Hi Mark,

On Fri, Oct 7, 2016 at 12:42 PM, Mark Struberg <[email protected]>
wrote:

> Hi Emilian!
>
> The problem with 2 is that it won’t work nicely.
>
> There are 2 problems as sketched.
>
> a.) the repo contains binaries which are GPL licensed. That needs to get
> kicked out of the repo anyway.
>
> > What is important is the legal clearance at
> > the moment the code grant happens.
> Yes, but Oracle can only grant stuff under ALv2 where they own the rights
> themselves. They simply don’t own any rights for a hibernate.jar…
>
> Also the pure fact that it contains binaries at all is not really good.
> It’s called source code management for a reason.
>

Inside one of my NetBeans clones, in .hg/store, I did:
---
$ for extension in zip jar class exe dll o; do echo $extension; find .
-type f -name "*\.$extension*" -print0 | xargs --null du --apparent-size
-sch | grep total; echo; done
zip
38M     total

jar
60M     total

class
190K    total

exe
15M     total

dll
16M     total

o
1,4M    total
1,2M    total
---

This may miss some binaries due to file name encoding (and maybe I did
something wrong in the experiment), but I would not expect gains
significantly bigger than this.
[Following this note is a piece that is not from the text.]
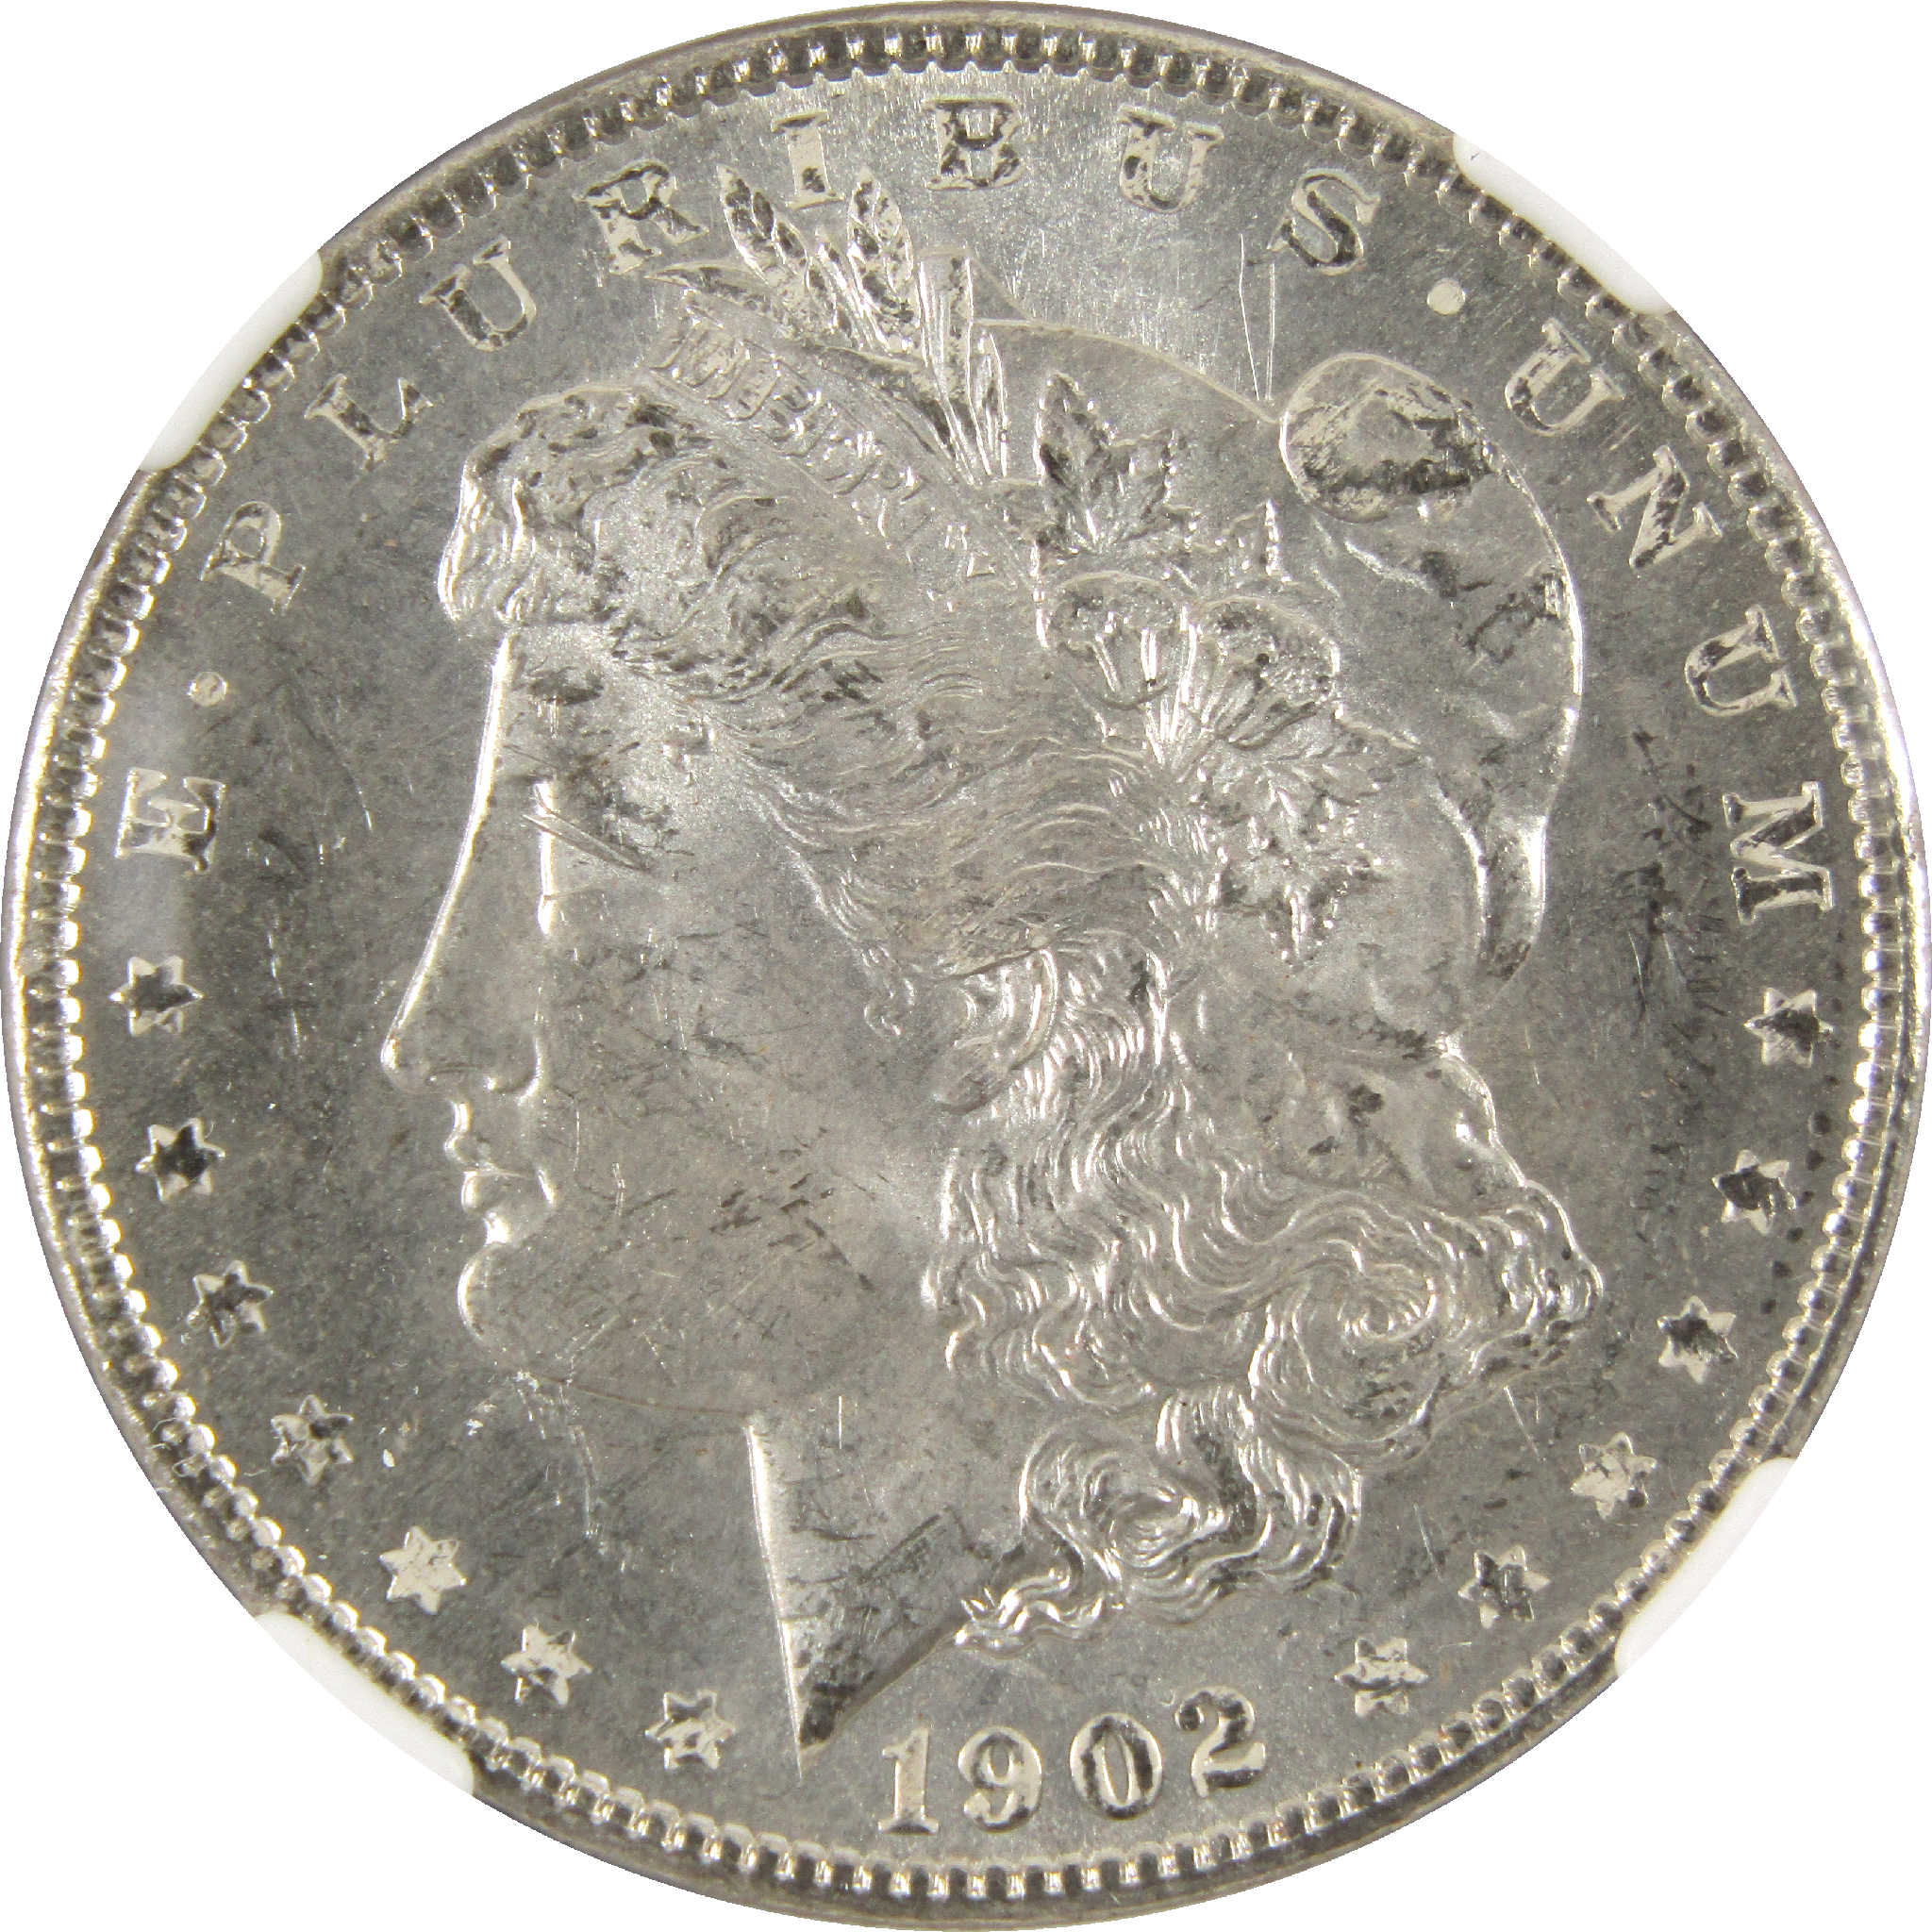 1902 O Morgan Dollar MS 64 NGC Silver $1 Uncirculated Coin SKU:CPC6284 - Morgan coin - Morgan silver dollar - Morgan silver dollar for sale - Profile Coins &amp; Collectibles

Also, please note that not all historical
.jar/.zip files are actual binaries. Also, not sure if exe and dll are
problematic - I believe currently a build made on Linux can run on Windows,
and it may be problematic to achieve this without having the exe/dll
precompiled.


> Not sure if the ant build already uses ivy. If not then we need to improve
> this.
>

NetBeans (currently) uses this:
http://wiki.netbeans.org/ExternalBinaries

Also note the historical:
http://wiki.netbeans.org/HgExternalBinaries

The latter explains the .jar/.zip files which are not actual binaries.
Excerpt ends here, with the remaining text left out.